# Moebius Viper mk I



## TIEbomber1967 (May 21, 2012)

Was just over at Entertainment Earth, and they have the new (old?) Viper listed for March 2013 delivery.
That's pretty soon, is this correct? What have you guys heard?


----------



## Moebius (Mar 15, 2007)

Not quite that soon, we had hoped that early. Look for it early Summer.


----------



## sg-99 (Jan 11, 2009)

Summer is going to be an awesome time to build vipers!:thumbsup:


----------



## TIEbomber1967 (May 21, 2012)

Between the Battlestar Pegasus, the Batmobile/Tumbler, and the Nautilus from Pegasus Models, a summer delivery for the Viper will be just fine.
Thanks for stopping by and giving us the correct info.


----------



## bane-7 (Jan 10, 2009)

*TOS Galactica models*

MOEBIUS.....

As a child of the 60's and young man of the 70's who grew up watching the show's who's subject matter you've recently given us in the form of these AWESOME model kits,( BTW I would have killed for at the time) I want to thank you for what you've given us already, and also for what you have in store for us soon.
My question is, is there any chance we could possibly see, (at some point)
A Galactica shuttle kit, and Landram kit?:thumbsup:
Hopefully in the same scale as the Viper and Raider???
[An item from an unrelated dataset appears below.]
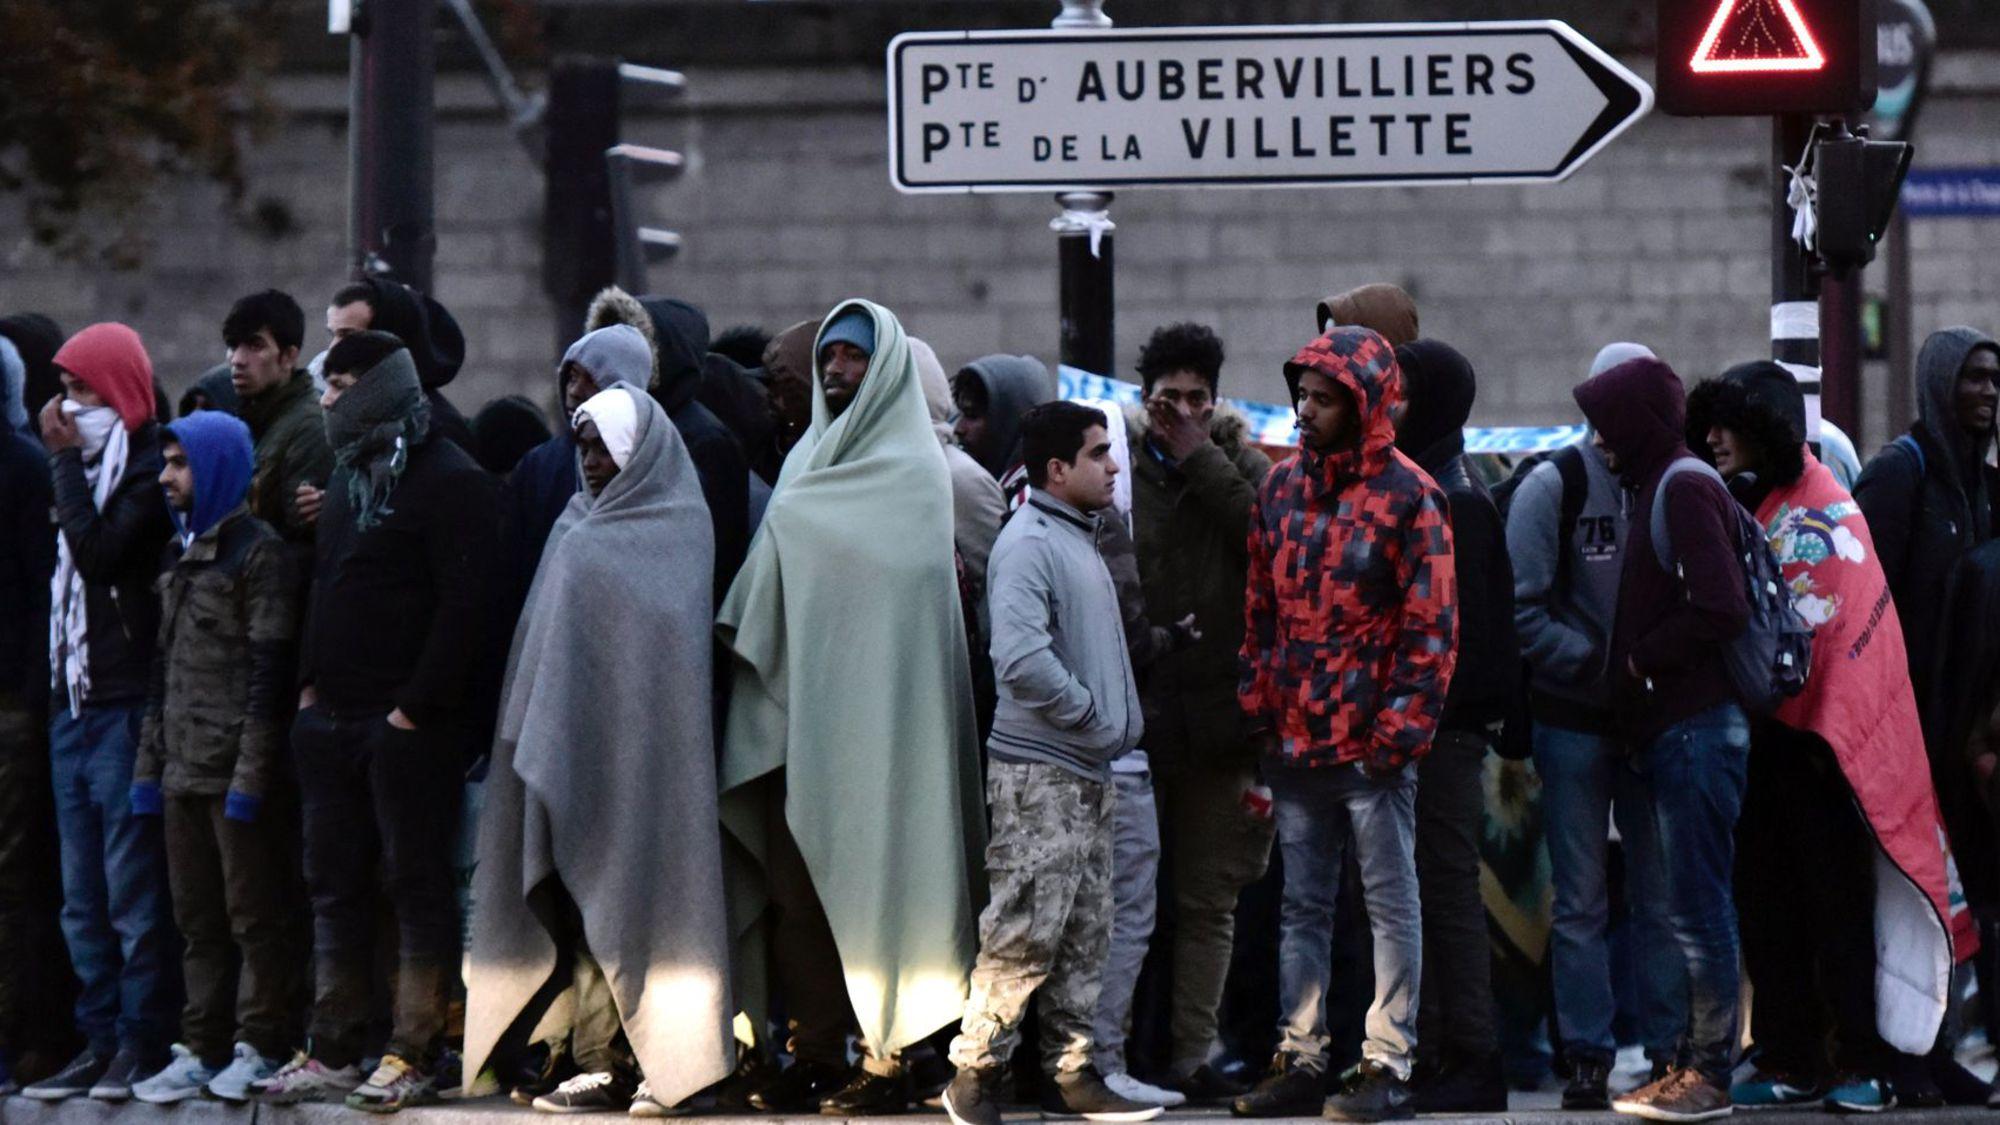 L'immigration inquiète les Français, qui sont 63% à penser qu'il y a «trop d'étrangers» en France, 71% pensent que l'islam veut s'imposer aux autres

THANKS so much, and please consider these if not already in the works?


----------



## ClubTepes (Jul 31, 2002)

bane-7 said:


> MOEBIUS.....
> 
> As a child of the 60's and young man of the 70's who grew up watching the show's who's subject matter you've recently given us in the form of these AWESOME model kits,( BTW I would have killed for at the time) I want to thank you for what you've given us already, and also for what you have in store for us soon.
> My question is, is there any chance we could possibly see, (at some point)
> ...


Well, Considering that the Colonial Shuttle is 110 feet long and so a 1/32 Scale shuttle would be 41.25 inches long, then I would highly doubt that.


----------



## bane-7 (Jan 10, 2009)

Wow....
Had no idea the shuttle was supposed to be that long...
Well...if that's the case, then a kit in the same scale would be abit to big... oh well.
A smaller scale for the shuttle then.


----------



## teslabe (Oct 20, 2007)

bane-7 said:


> MOEBIUS.....
> My question is, is there any chance we could possibly see, (at some point)
> A Galactica shuttle kit, and Landram kit?:thumbsup:
> Hopefully in the same scale as the Viper and Raider???
> ...


I'd love to see the Landram done. Since the track assembly was ether the same type
or so close to that used in the Snowcat's chassis I'd think alot of the Chariots lower parts could be carried over to this kit. We can only hope and how many times has Moebius made us very happy with new offerings......:thumbsup:


----------



## bane-7 (Jan 10, 2009)

Yea.....with figures to:thumbsup:


----------